--- Data provided ---

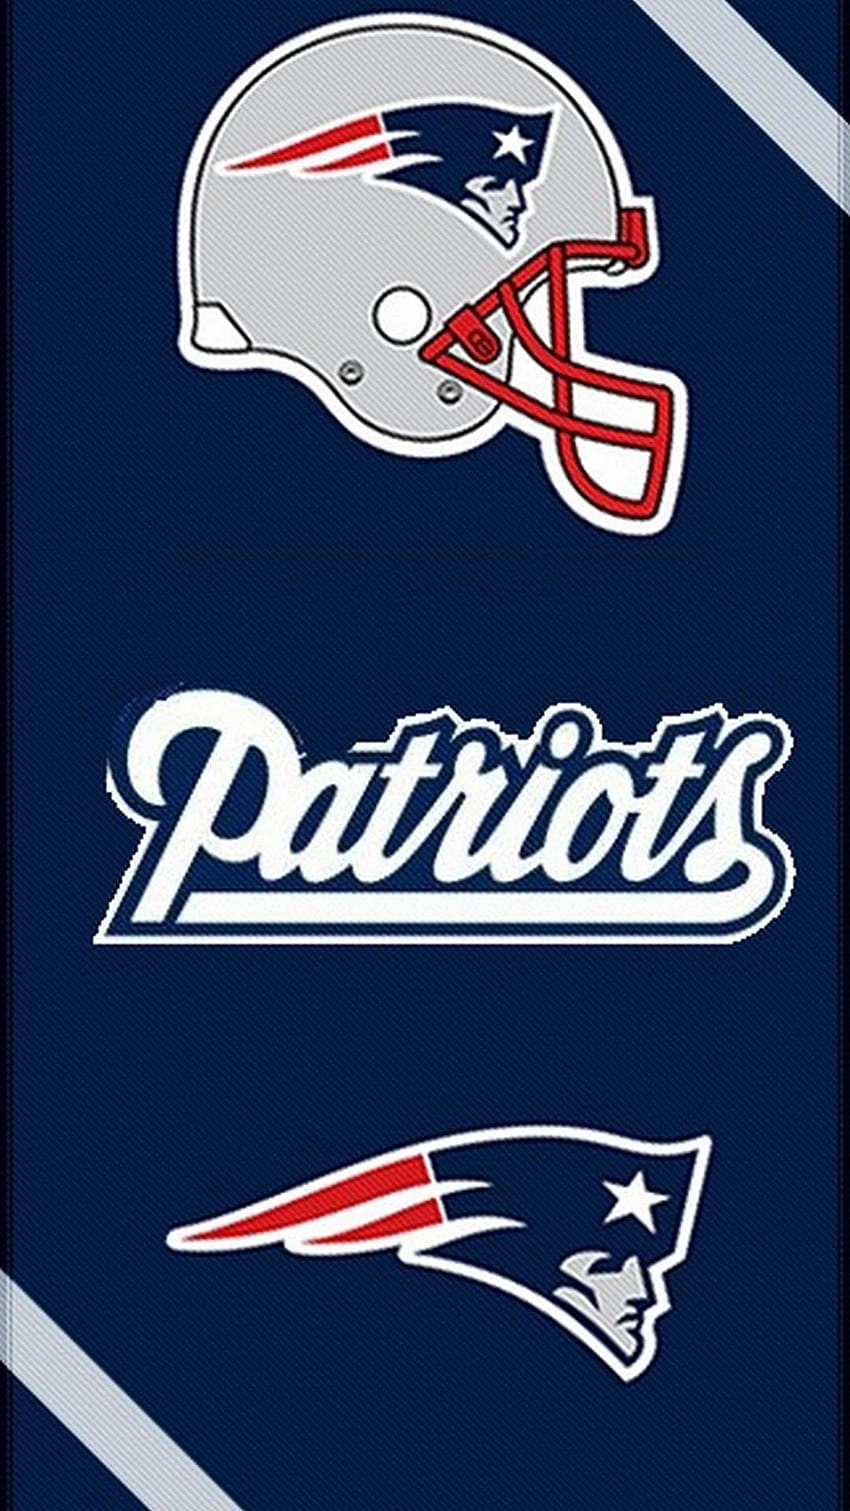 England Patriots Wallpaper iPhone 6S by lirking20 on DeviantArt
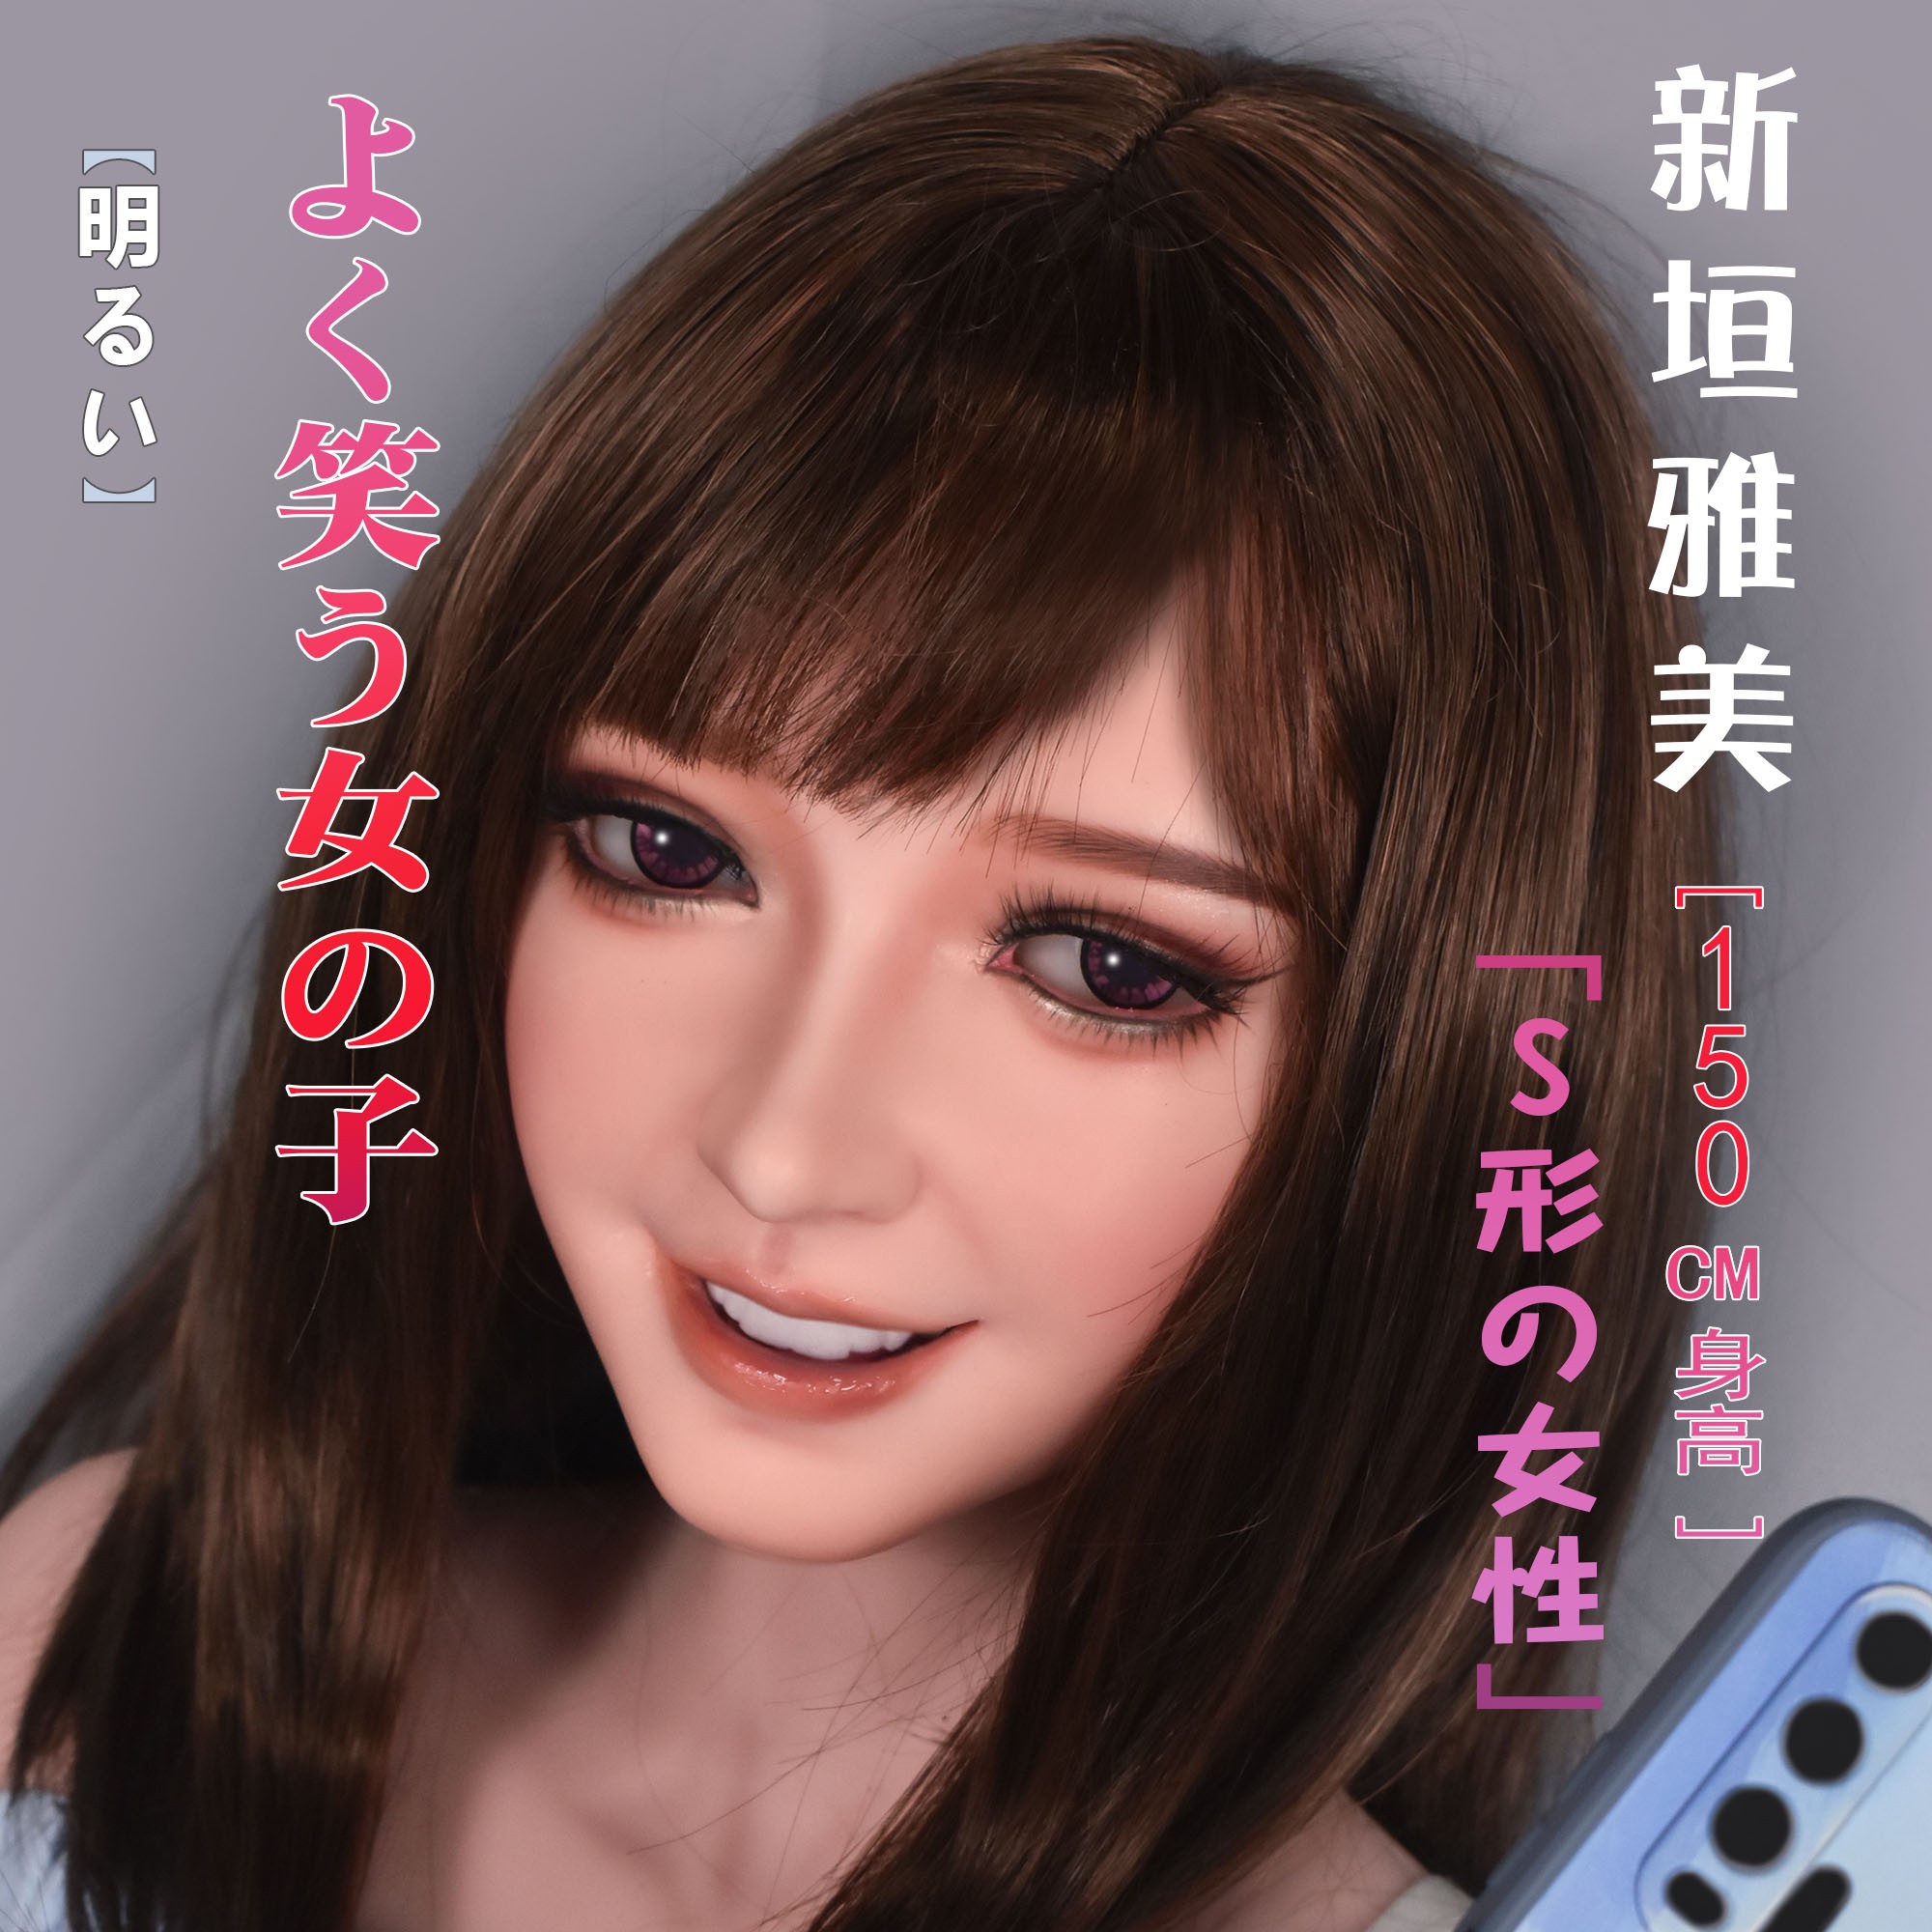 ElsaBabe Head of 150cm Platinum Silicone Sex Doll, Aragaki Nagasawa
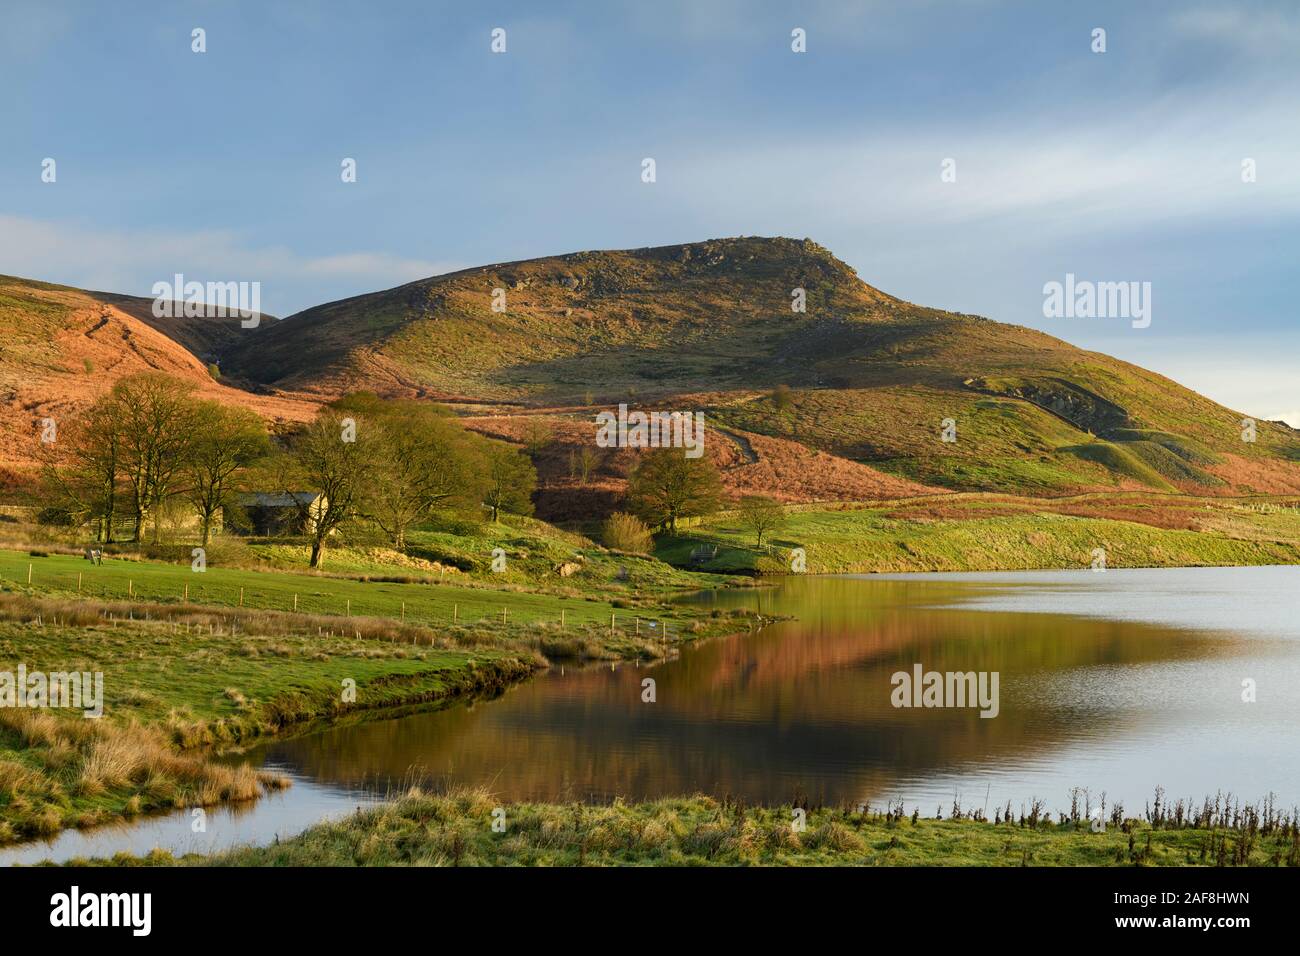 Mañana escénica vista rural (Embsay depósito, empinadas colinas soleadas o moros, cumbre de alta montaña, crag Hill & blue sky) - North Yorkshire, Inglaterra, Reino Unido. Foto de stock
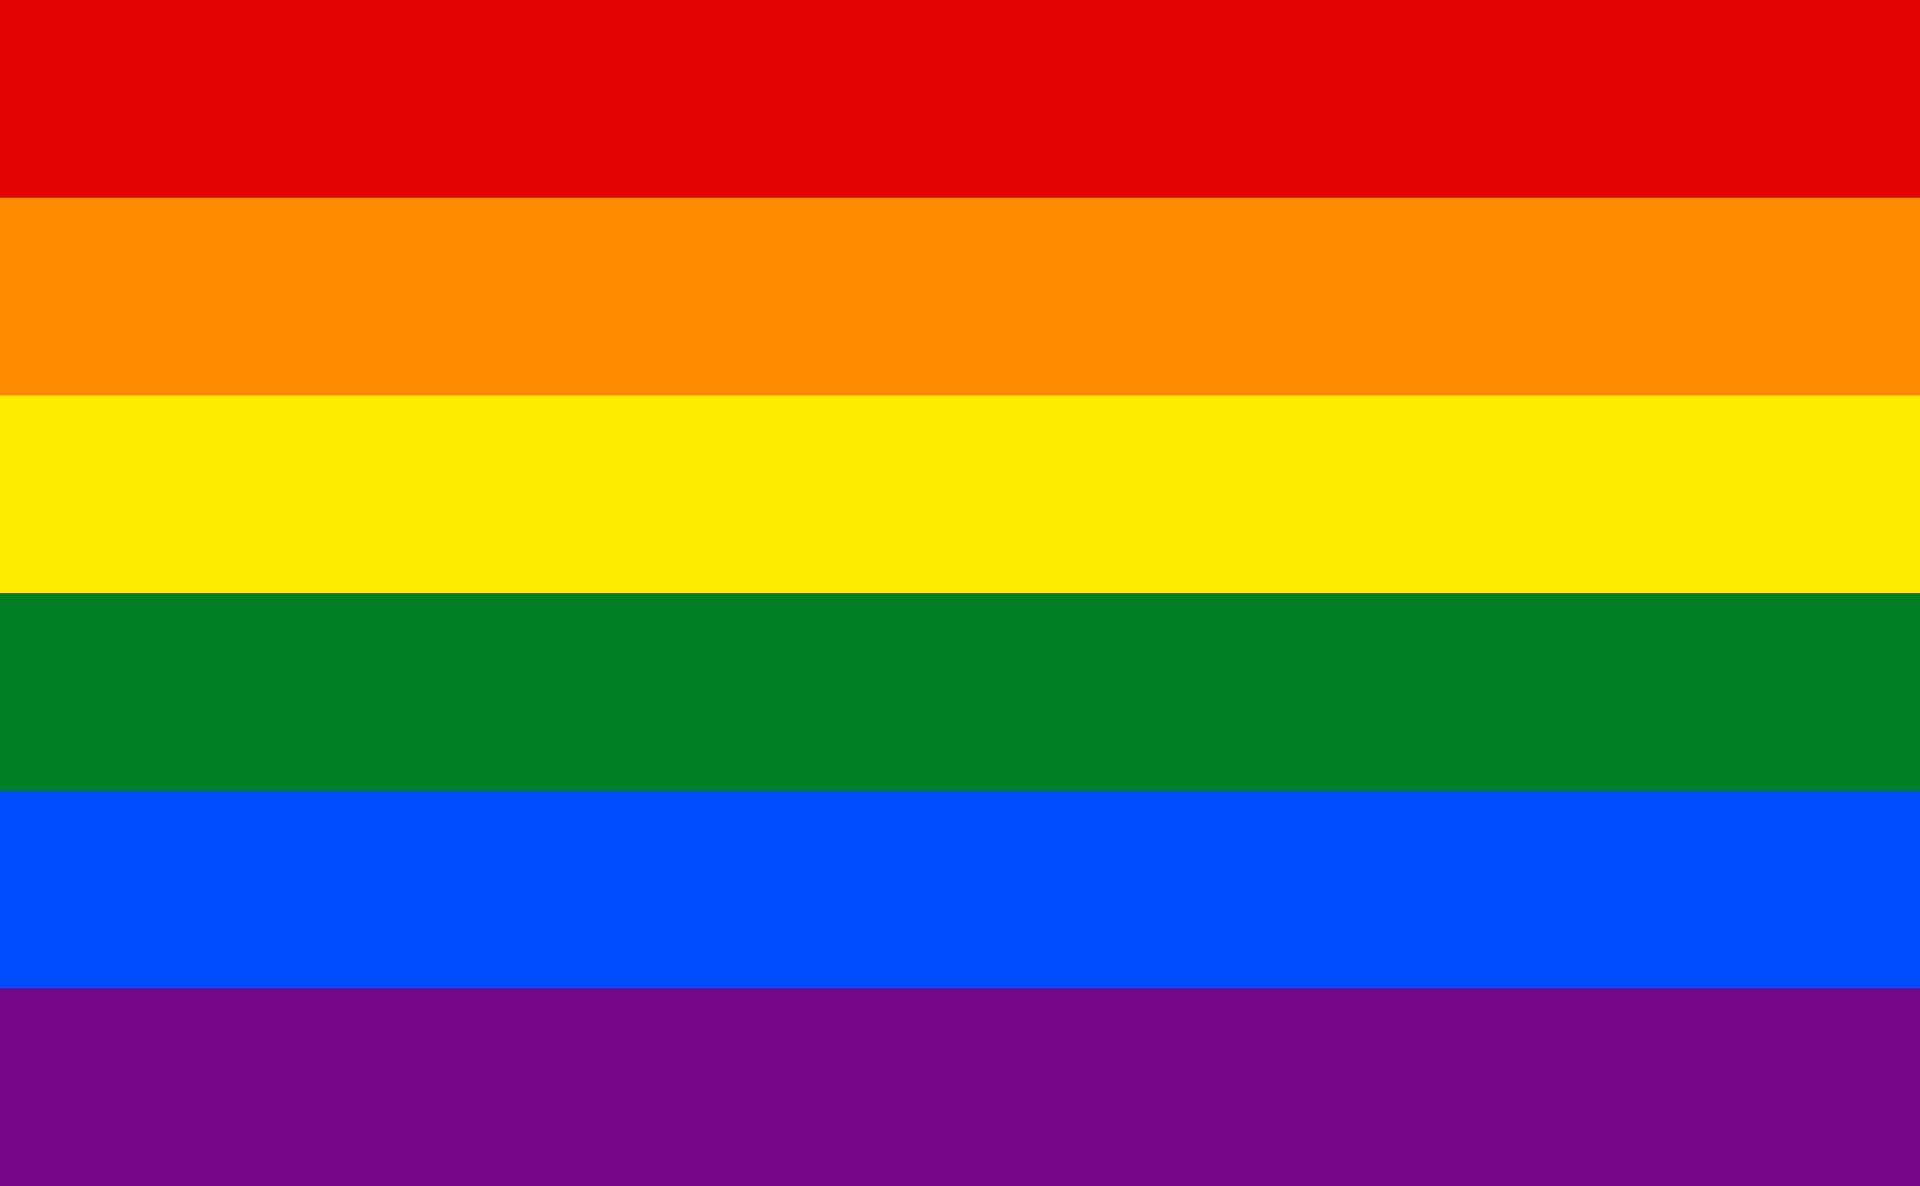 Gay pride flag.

--- Task description ---
Skipping all images, output the listing exactly.

--- Response to this task ---
 England Patriots Wallpaper iPhone 6S by lirking20 on DeviantArt
 ElsaBabe Head of 150cm Platinum Silicone Sex Doll, Aragaki Nagasawa
 Mañana escénica vista rural (Embsay depósito, empinadas colinas soleadas o moros, cumbre de alta montaña, crag Hill & blue sky) - North Yorkshire, Inglaterra, Reino Unido. Foto de stock
 Gay pride flag.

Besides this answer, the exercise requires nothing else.